Synopsis: Presented in a fractured form, Jetlag unfolds as mystery that explores the psychological effect of emotional longing, dislocations of time and space that are both literal and metaphoric, and the events and influence of people in our lives that result in our failure or success. In the center of the play is a love triangle: a trio that is so wrapped up with each other that perhaps the parts are interchangeable.
As the action begins, Stephen, a documentary filmmaker who returns to an apartment in New York and sleeps on the couch. It is late at night and he is seemingly alone. In the morning, we meet Andrea, an actress who is cooking breakfast for Stephen. She and Stephen behave with familiarity, but there are awkward moments between them and discontinuities in their stories that leave us with questions. Are they are lovers or not? What has happened between them?
       Another question arises in the following as Stephen accidently encounters Brian, another documentary filmmaker, in a coffee shop on a trip to L.A.. Their dialogue seems cordial at first but there is something beneath the surface of their interactions. Brian seems to be succeeding, while Stephen is struggling in their profession. Is it merely jealousy?
       As the play progresses, the action alternates between Stephen and Andrea as they explore the boundaries on their fragile relationship and from Brian and Stephen as they come to the root cause of the animosity between them. In each scene, we learn something more of these characters shared histories, the work they have done, a significant event in their past, and in the middle of it a reconciliation takes place. Or perhaps it is a betrayal?
Jetlag attempts to create drama from an elemental source: the audiences uncertainty about the relationship between the characters, which ultimately becomes an important question for the characters themselves. At the climax, we discover the almost impossible center of their confusion, but even this resolution is temporary, and as in a documentary film, the truth is always a matter of perspective.

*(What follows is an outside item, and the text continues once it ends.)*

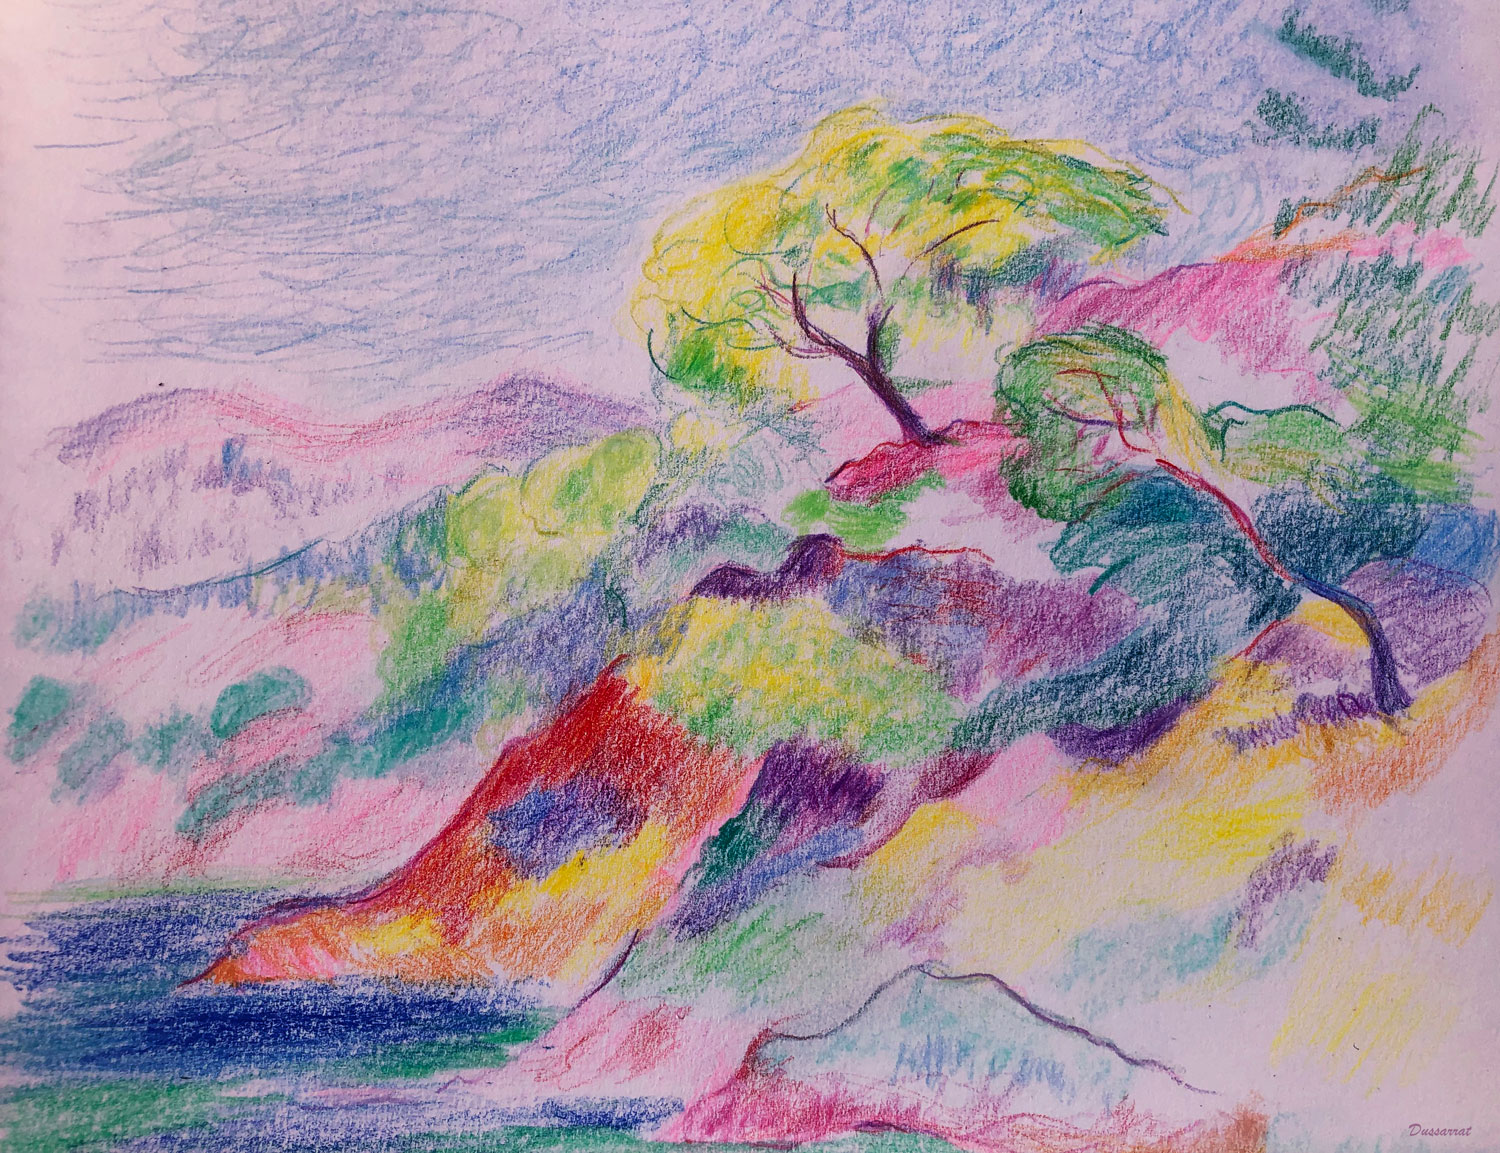 Les roches rouges. Crayon de couleur sur papier. 21x29, 2023. D'après Henri Manguin. Les roches rouges, Cavalière, 1906. Huile sur toile

Setting: A New York apartment, A Los Angeles coffee shop/ hotel bar
Time Period: Contemporary

Cast Size: 3
Casting: STEPHEN, a man in his mid-thirties, a documentary filmmaker.

ANDREA, a woman in her mid-thirties, an actress.

BRIAN, a man in his mid-thirties, a documentary filmmaker.

No ethnicity requirements- has been played multiple ways in workshops.

This Play Is: unpublished

Production History: 2007 Lincoln Center Director’s Lab- discussion workshop
2008 Ten minute excerpt staged reading- Indo-American Arts Council’s South Asian Sampler at the Lark theatre. Q and A following.